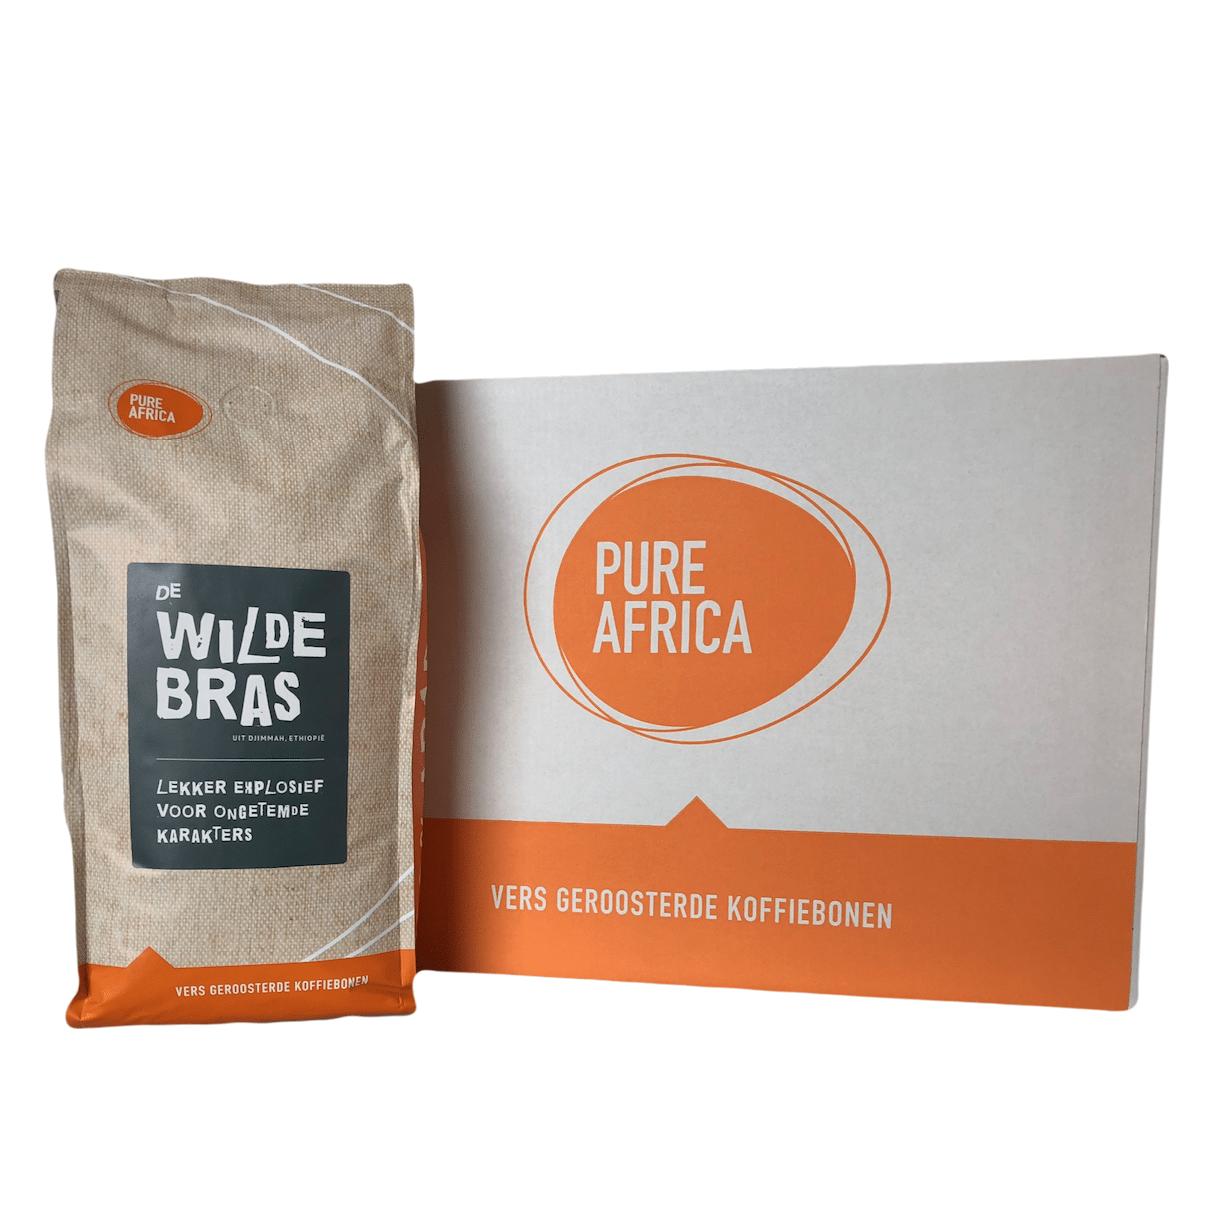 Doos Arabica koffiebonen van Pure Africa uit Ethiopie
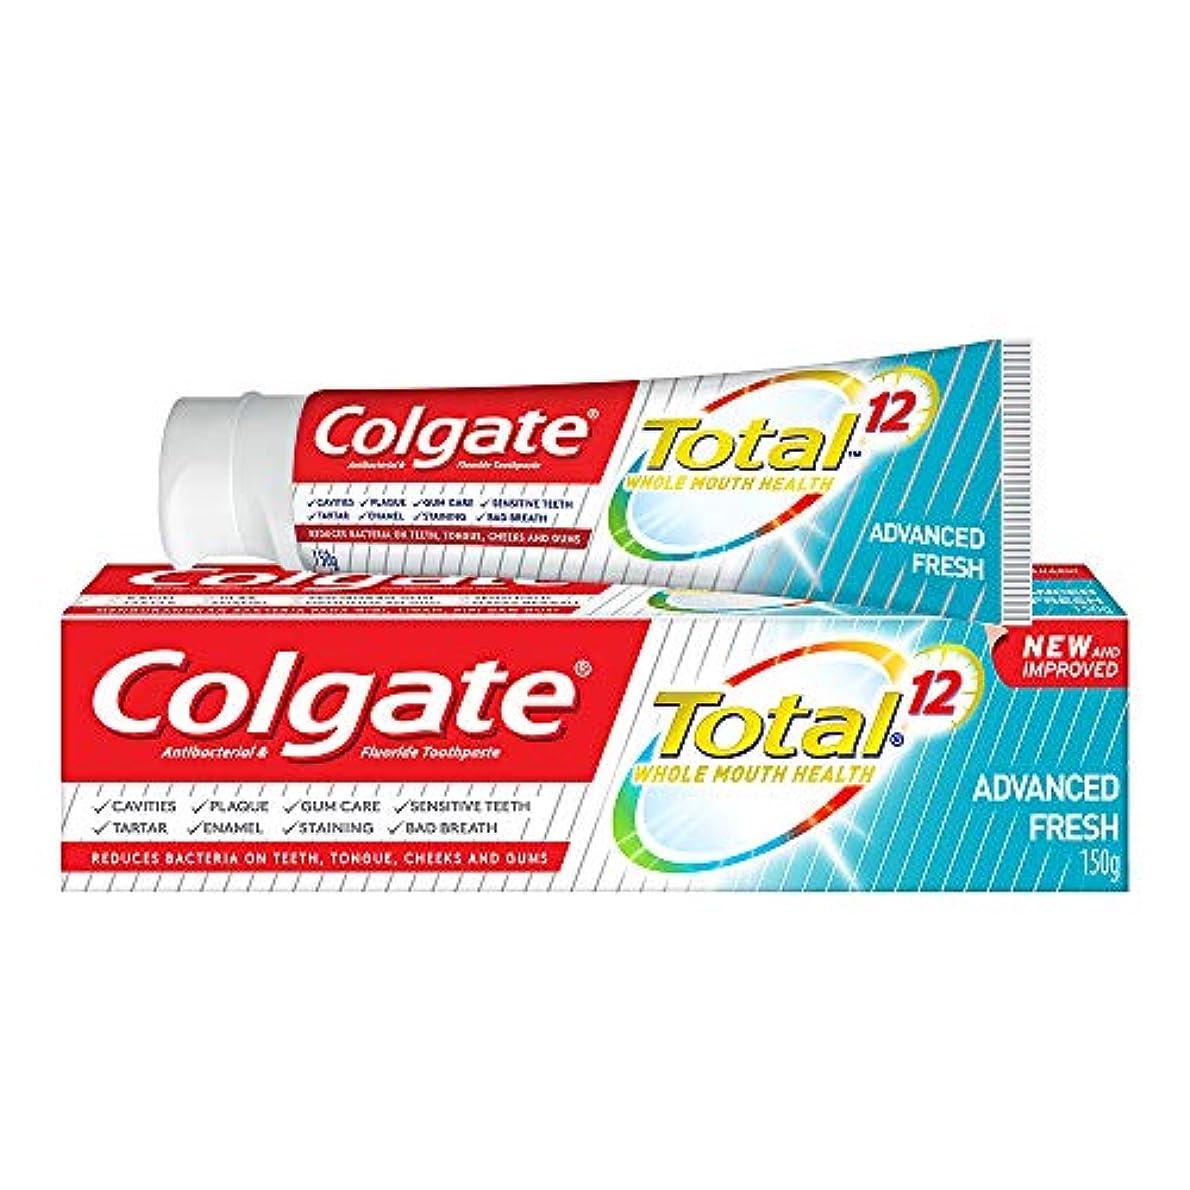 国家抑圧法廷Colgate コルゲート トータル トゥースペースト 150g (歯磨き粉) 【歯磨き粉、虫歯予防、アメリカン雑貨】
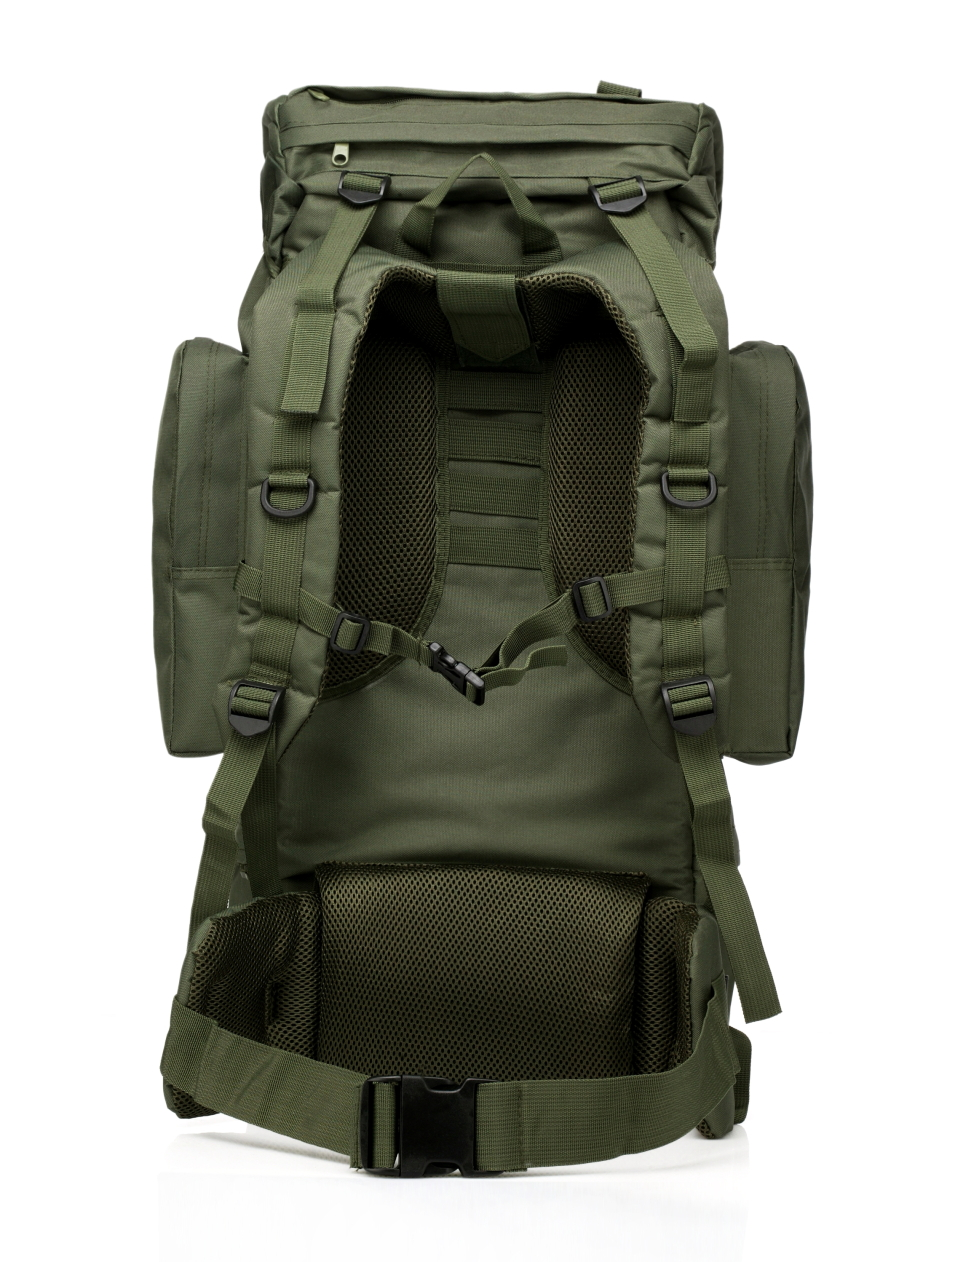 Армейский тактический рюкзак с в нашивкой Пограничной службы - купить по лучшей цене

* WHAT THIS TASK INVOLVES: Write out the data word for word, with every picture dropped.

* ANSWER BOX:
 Doos Arabica koffiebonen van Pure Africa uit Ethiopie
 国家抑圧法廷Colgate コルゲート トータル トゥースペースト 150g (歯磨き粉) 【歯磨き粉、虫歯予防、アメリカン雑貨】
 Армейский тактический рюкзак с в нашивкой Пограничной службы - купить по лучшей цене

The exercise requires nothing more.